You can not contribute to a Health Savings Account if you have
Medicare. In fact, there is a six month
look-back. He didn’t know. And if an attorney
could have accidentally screwed this up, what are the chances that your average
office worker or machinist couldn’t make the same mistake?
Capitol
Conference, the annual opportunity for members
of the National Association of Health Underwriters to hear from members of the
administration and meet with our elected officials, was the last week of
February. Fourteen of us from Northeast
Ohio were part of the audience of over 700 that heard from Seema
Verma the Administrator of the Center of Medicare and Medicaid Services
(CMS).
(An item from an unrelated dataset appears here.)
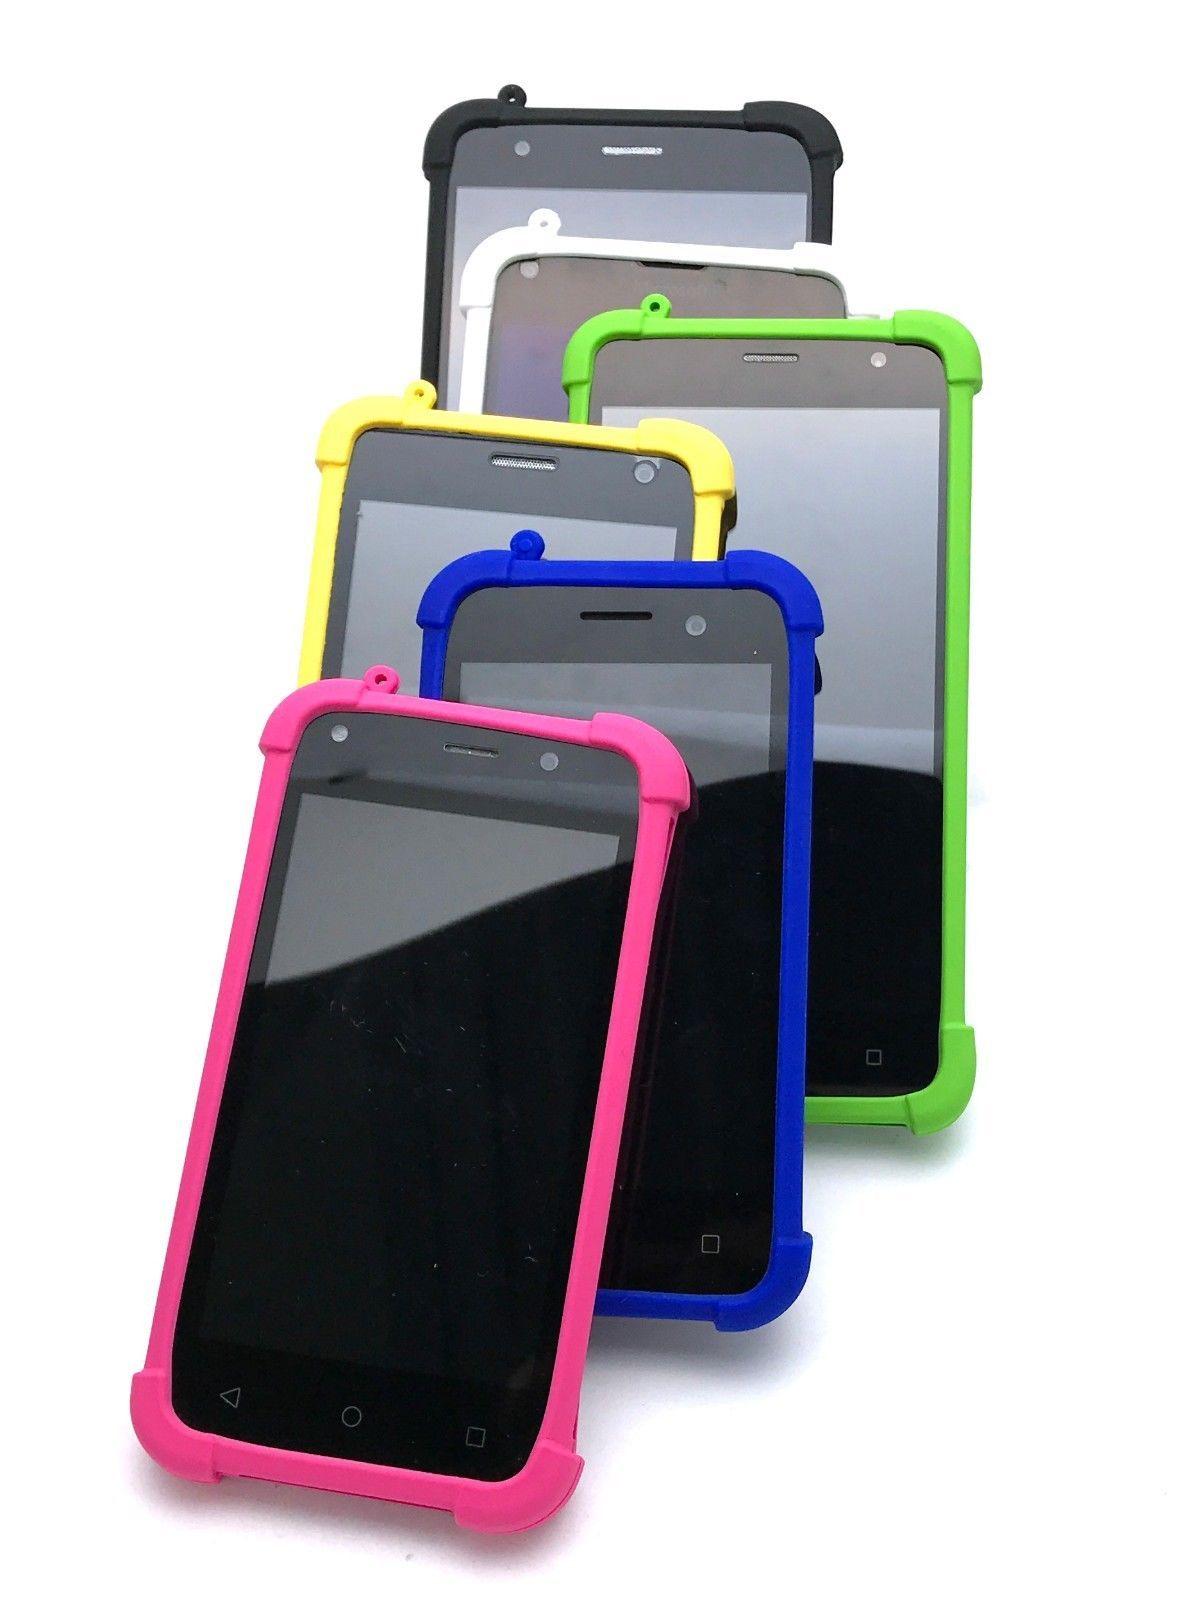 quality design d5830 a02c1 6.99AUD - Silicone Case Cover For Vodafone/Optus/Telstra/Aspera ...

House members Lauren Underwood (D-IL), Joe
Courtney (D-CT), Greg Walden (R-OR), Kurt
Schrader (D-OR), Adrian Smith (R-NE) as well
as Senator Todd Young (R-IN) shared their
views on pending legislation. The
speeches were interesting, the graphs (!) colorful, but the most important part
of our annual trip to Washington are our scheduled appointments with our
Congressman and Senators.
For many of us, our favorite appointment each
year is with Abby Duggan, Senator Sherrod Brown’s legislative aide. We appreciate that she is well prepared and
that Senator Brown has shown a real
interest in some of our issues. Ms.
Duggan has acknowledged that we come with “Clean Hands”. Our issues – Surprise Billing, Employer
Reporting, and the big Medicare concerns dealing with the Observation Trap,
COBRA as Medicare compliant, and HSA's – have nothing to do with our
incomes. We are here to solve problems,
to represent our clients.
Senator Brown is the sponsor of S. 753 which
would allow observation stays to be counted toward the three day mandatory
inpatient stay for Medicare coverage of a skilled nursing facility. This happens to be one of our priorities.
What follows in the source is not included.